Source material =>
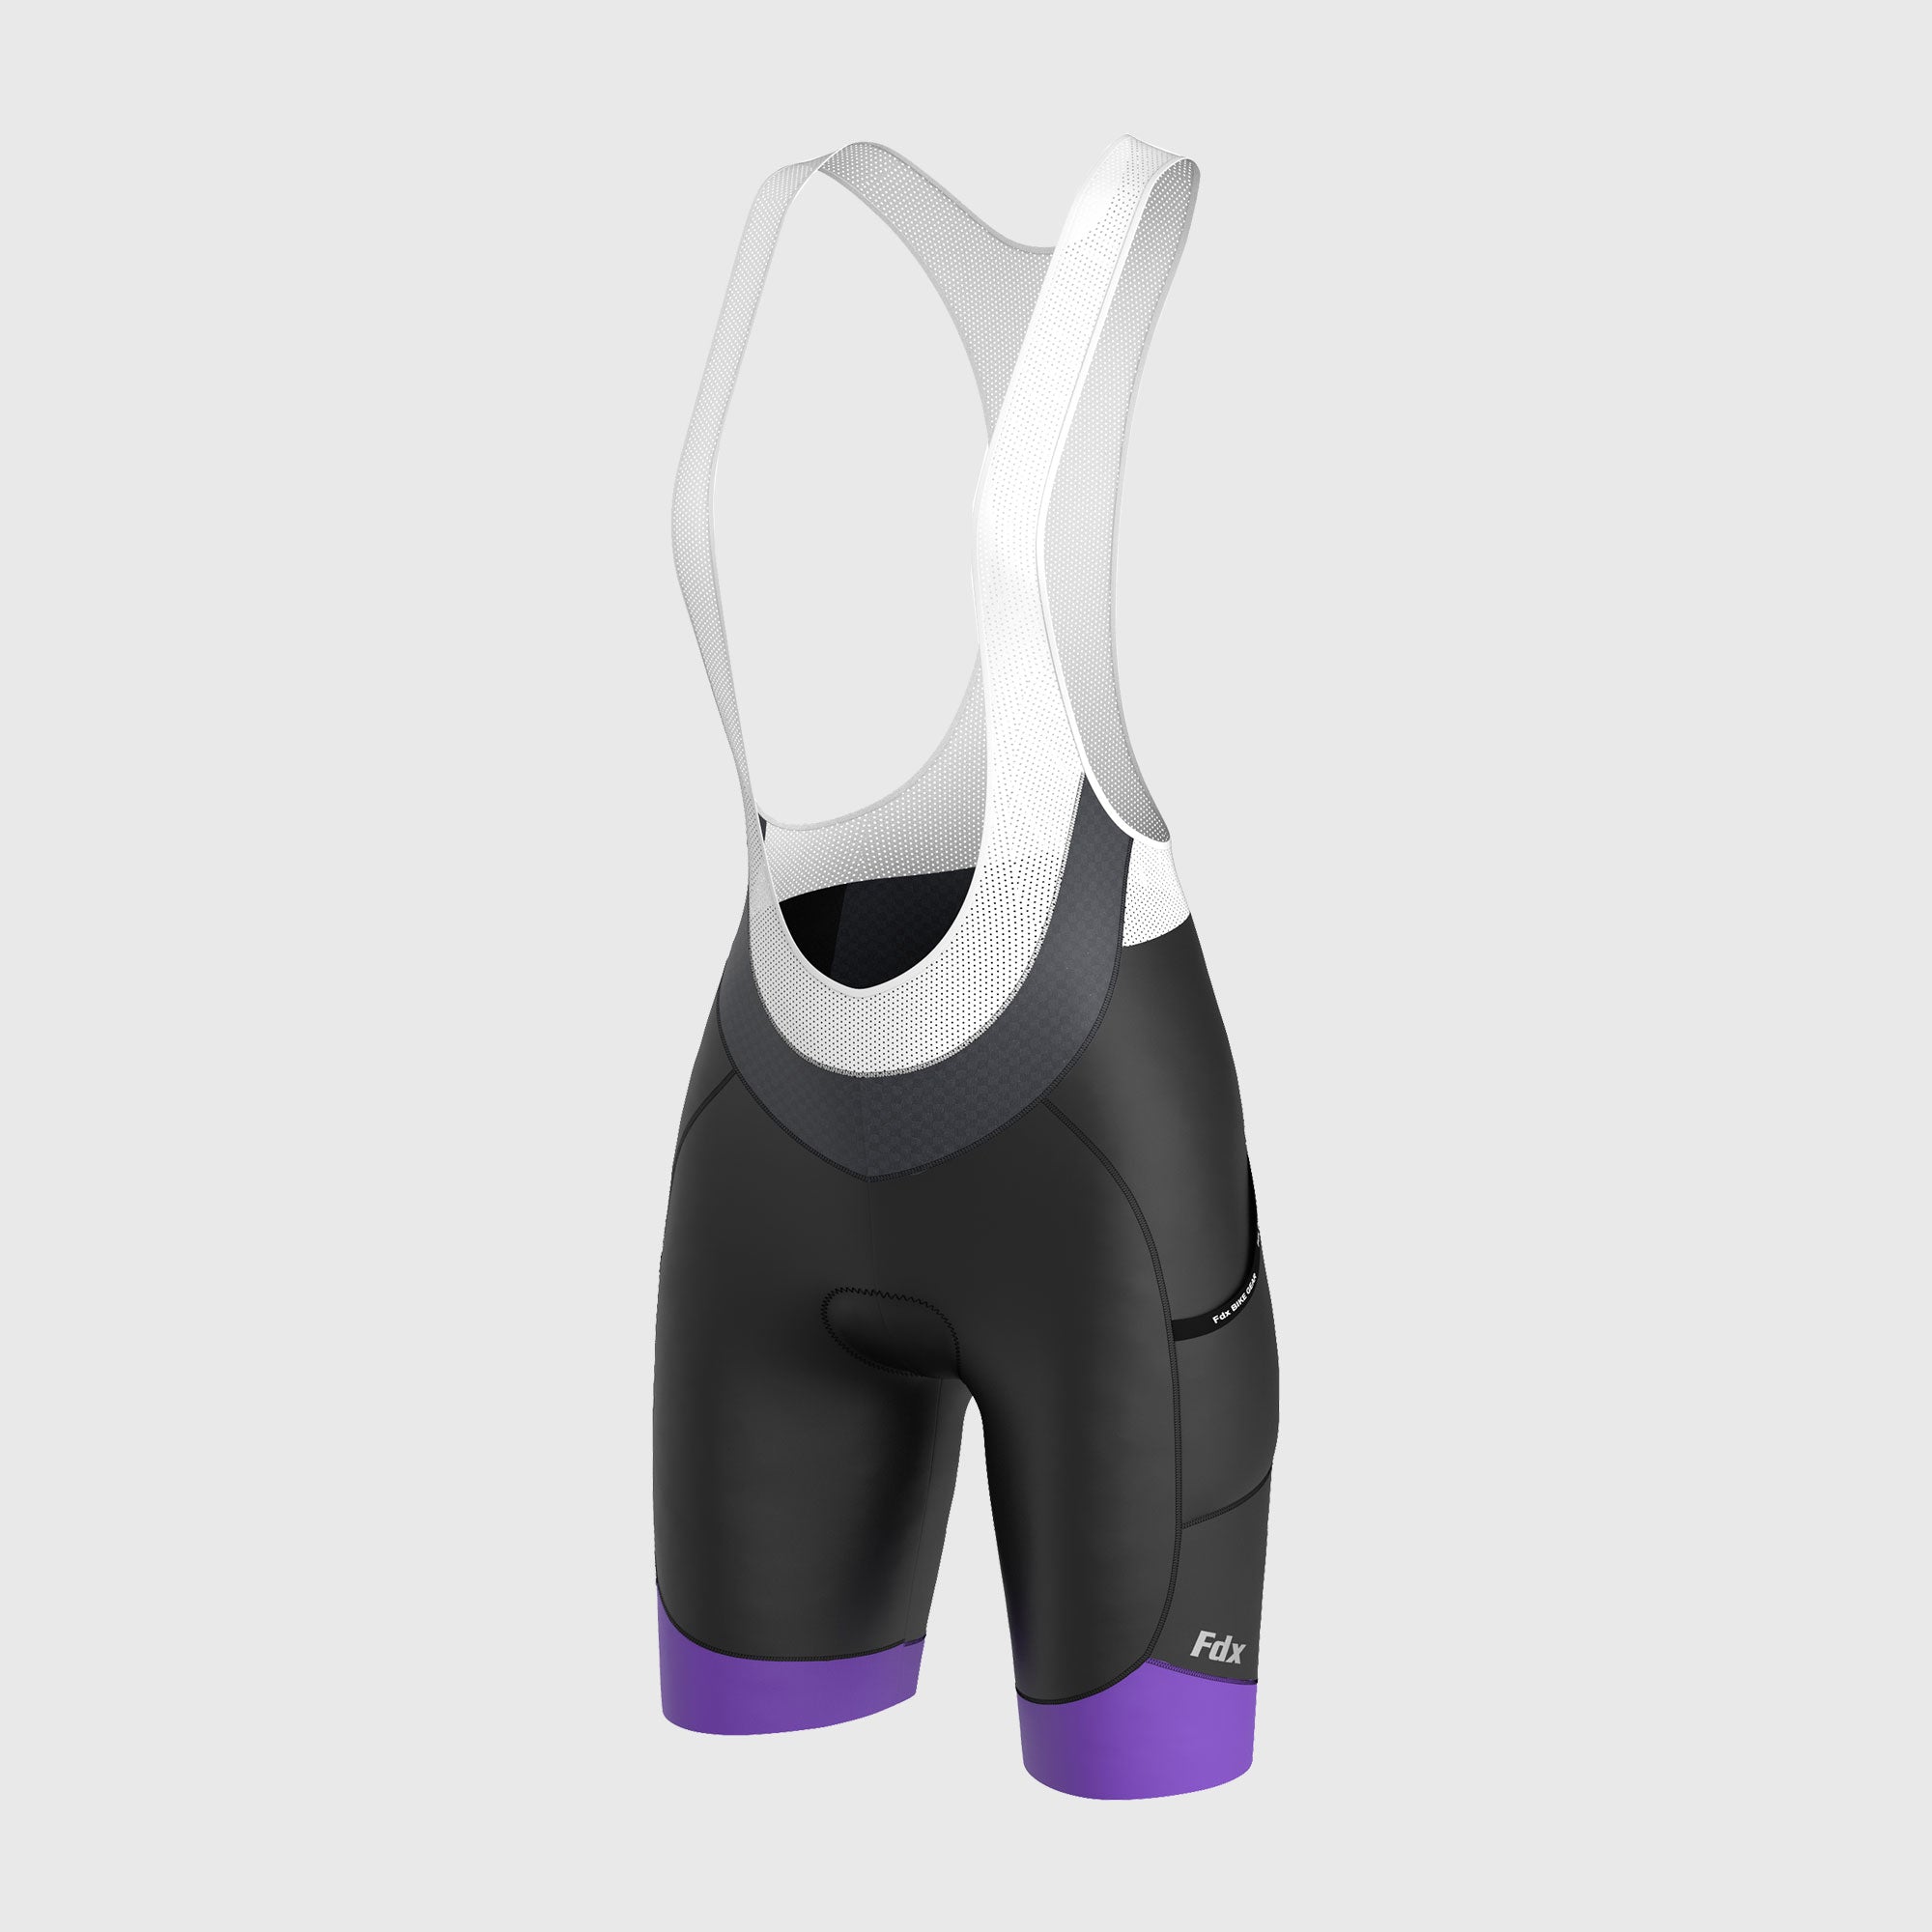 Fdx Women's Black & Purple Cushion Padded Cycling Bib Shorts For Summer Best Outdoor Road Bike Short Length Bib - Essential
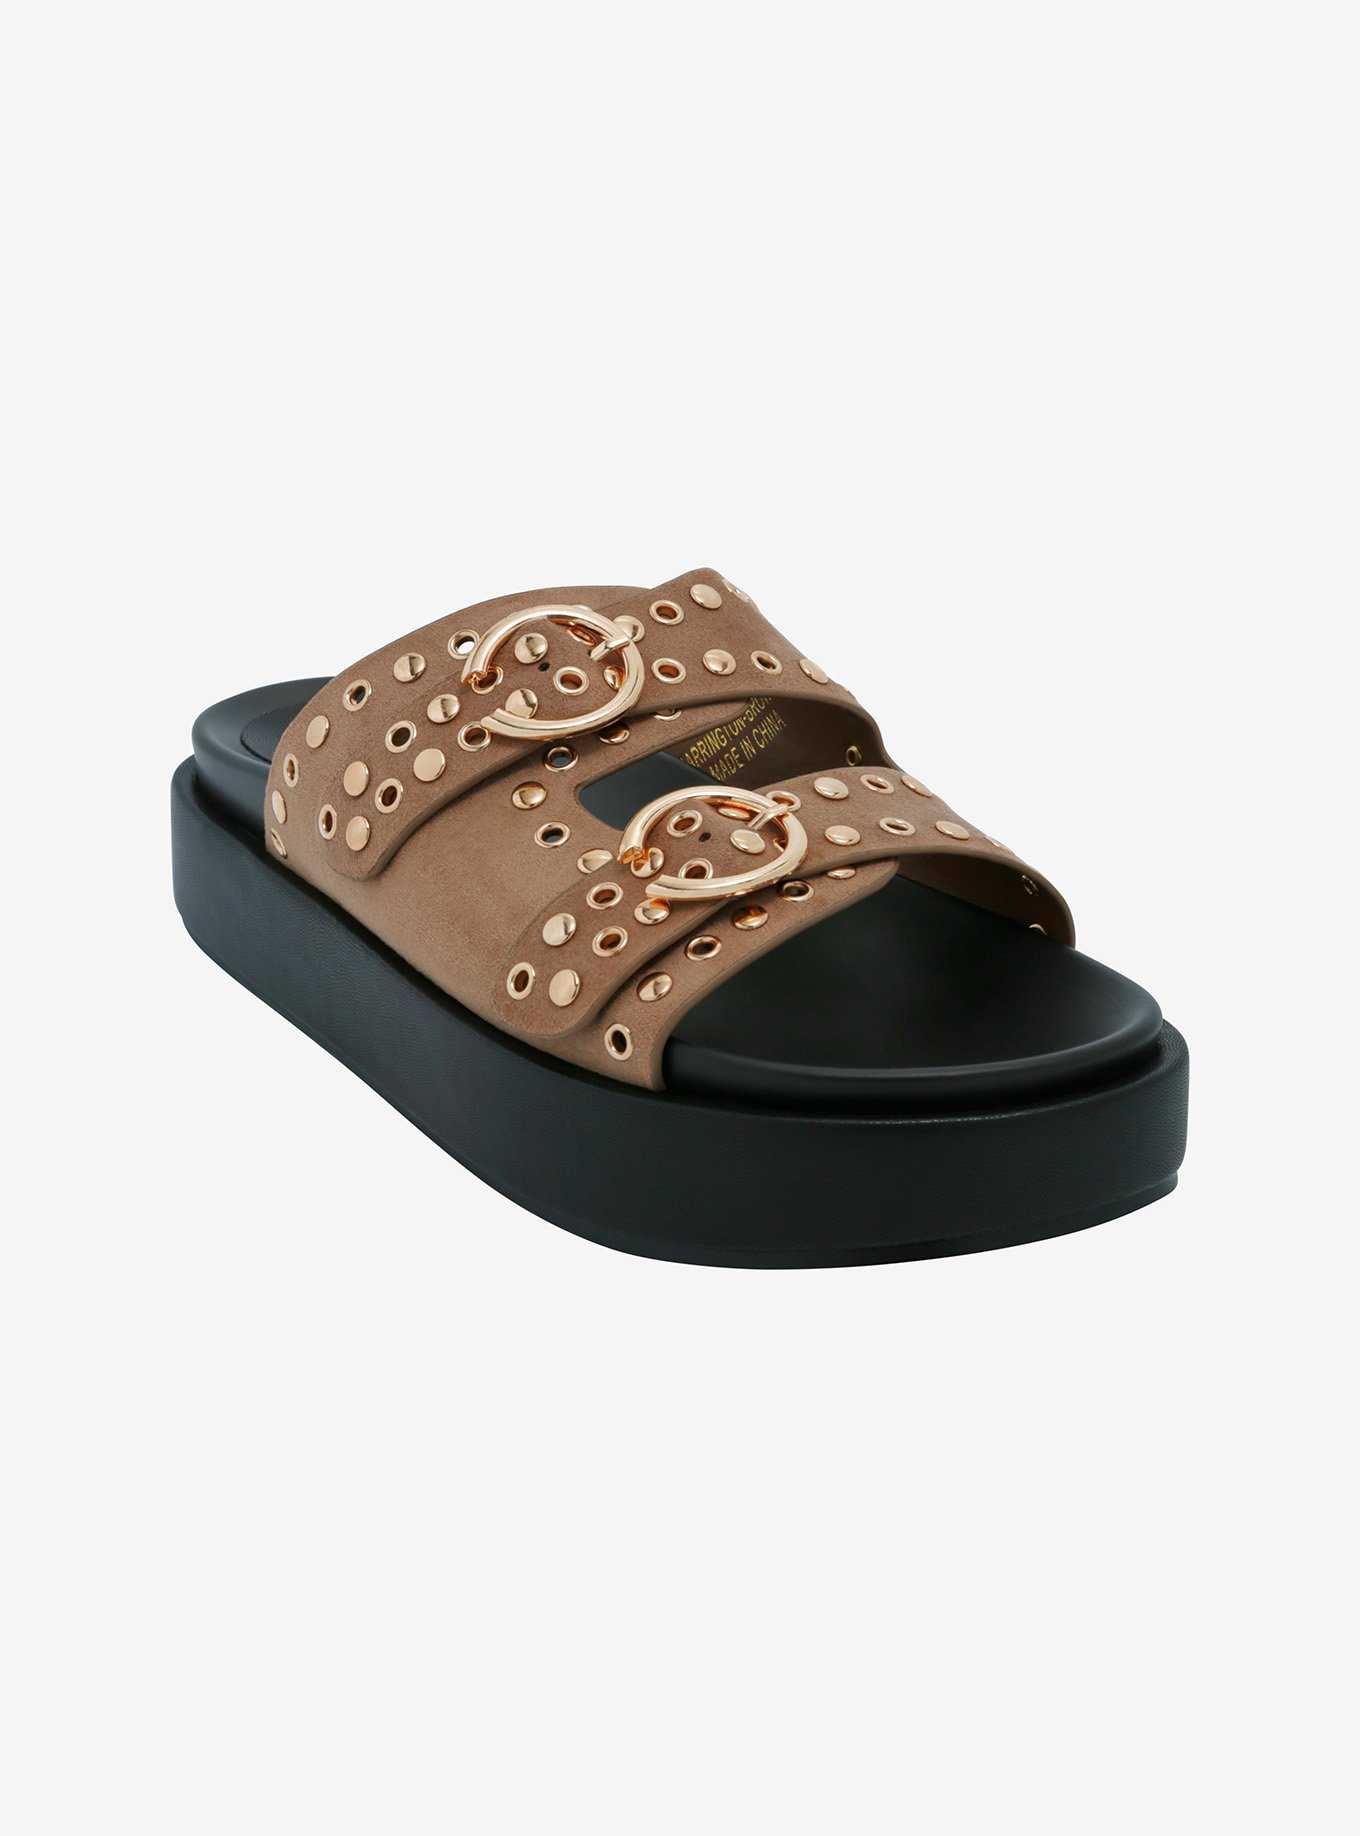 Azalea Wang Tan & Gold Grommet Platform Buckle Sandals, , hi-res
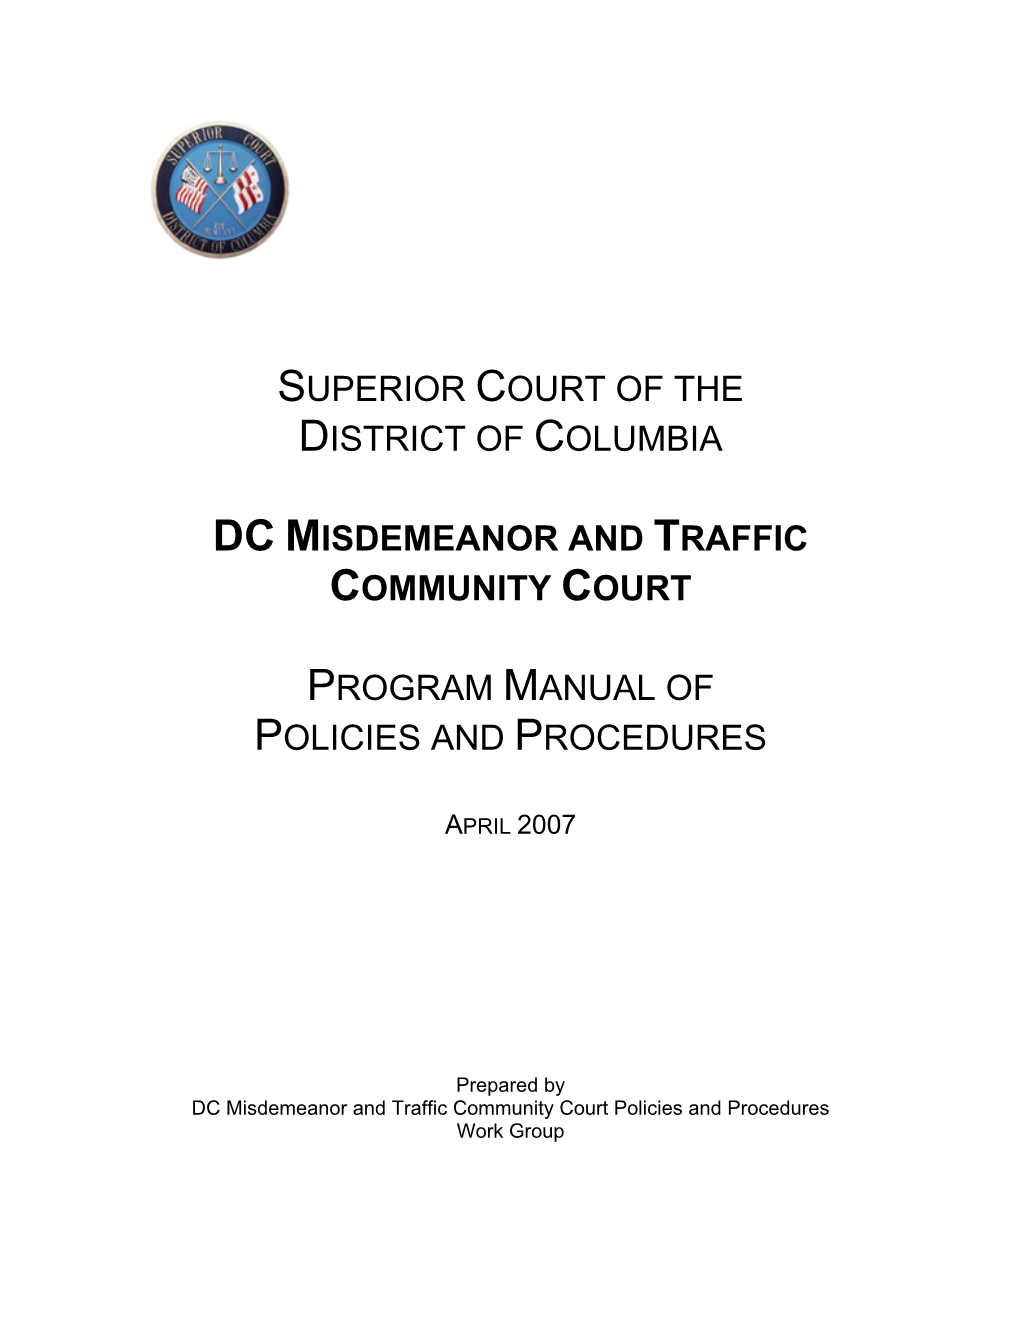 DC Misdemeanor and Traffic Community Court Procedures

Exercise prompt => Please output the entire listing above verbatim and omit its images.

Result of this task =>
 Fdx Women's Black & Purple Cushion Padded Cycling Bib Shorts For Summer Best Outdoor Road Bike Short Length Bib - Essential
 Azalea Wang Tan & Gold Grommet Platform Buckle Sandals, , hi-res
 DC Misdemeanor and Traffic Community Court Procedures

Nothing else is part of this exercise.